The New Year in MEEP! Let's Get This 2026 Party Started!
I've been looking forward to this for 50 years!
A few thoughts as we start this year. I’m hoping it will be a good one.
I was two years old in 1976, so I don’t remember the bicentennial festivities of that year. I have a picture of me as a toddler with some 1976 bicentennial-themed tshirt on, and that’s all I got. Seriously, a picture of a t-shirt.
Bah.
LET’S PARTY!
So some advice for the beginning of the year in lieu of a look at what I did this week (mainly drive back from North Carolina to New York and do some light cleaning,)
Enjoy Life
The “ENJOY LIFE” motto was one I settled on when I was about 10, and I have no reason to drop it now.
Yes, bad things happen. There still persists beauty and joy… so let us enjoy the beautiful and true while we can and deal with the bad as it comes.
I searched on “Joy” from the Met Museum of Art, and here are some items from their collection:

Obviously, for me, enjoying life involves enjoying art…

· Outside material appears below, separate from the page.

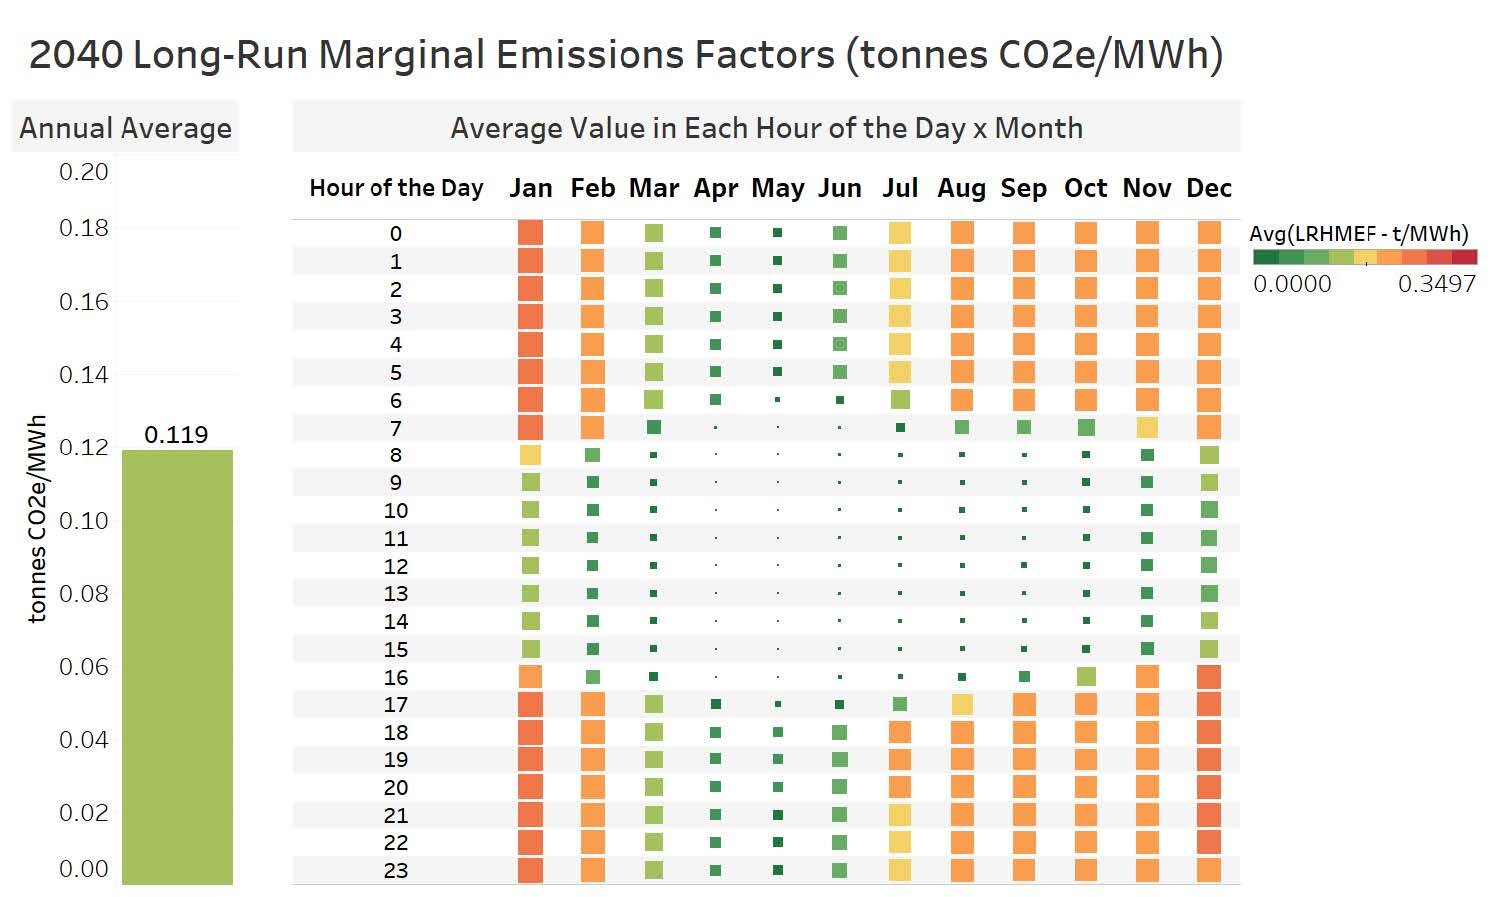  Heat map of emissions factors used for 2040, summarized by the average value in each hour of the day of each month; unweighted annual average shown for reference.

But there’s lots of stuff in the world to enjoy… seek out beauty!
Unsolicited Advice: Do not give unsolicited advice
First: YOU CAME HERE (or subscribed, or whatever).
So, you solicited this advice in some way. (including the ENJOY LIFE you see above)

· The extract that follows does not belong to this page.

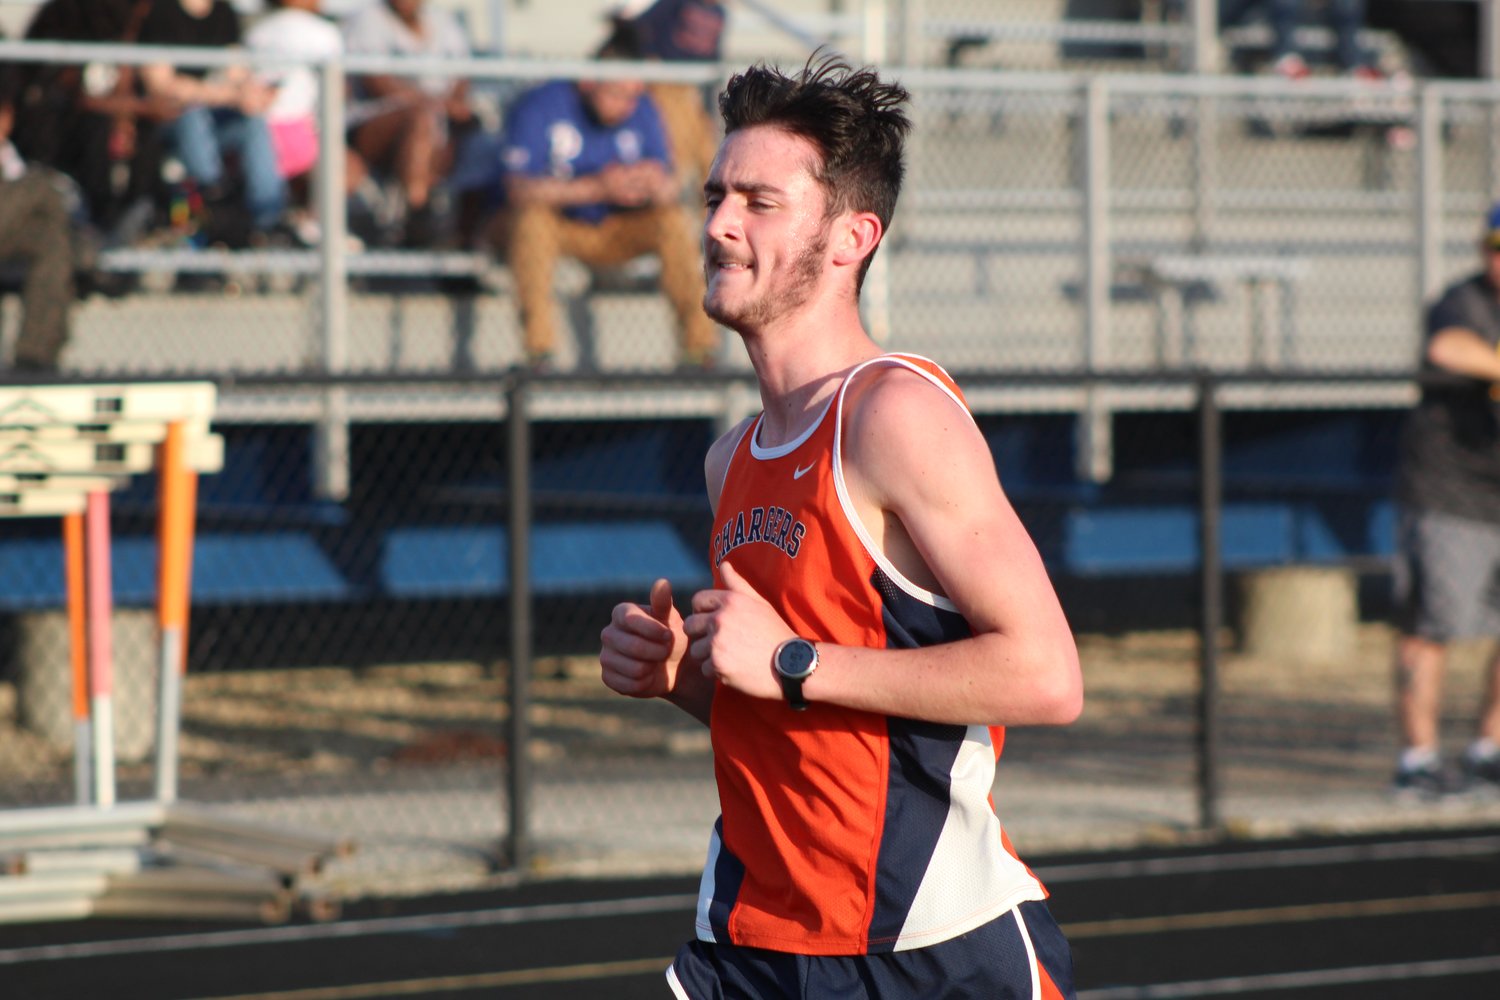 Elijah McCartney earned a pair of third place finishes for the Chargers in the 1600 and 3200 meter runs.

So, no, I’m not doing a paradox/being clever/yadda yadda.
I had thought about giving advice re: putting together New Year’s Resolutions, but as everybody reading this is are adults and can figure out stuff for themselves… I decided not to give any advice re: resolutions.
The only resolution(s) I have given in the past several years are:
Sleep more (never followed)
Survive (yay! I won!)
I have learned never to give unsolicited advice. I basically require people to request advice before I give it.
That they don’t follow it afterward… not my problem.
To be sure, my advice may not be good. But more to the point, I think about it as if it were me: if I didn’t ask for the input, the chances were I DIDN’T WANT IT. I already know what I’m going to do.
Because I write a lot (and talk a lot), people think that I say/write everything I think.
Yeah, I don’t have the time for that.
But more than that, even Stu didn’t hear everything I thought. If he didn’t hear it, why would anybody else?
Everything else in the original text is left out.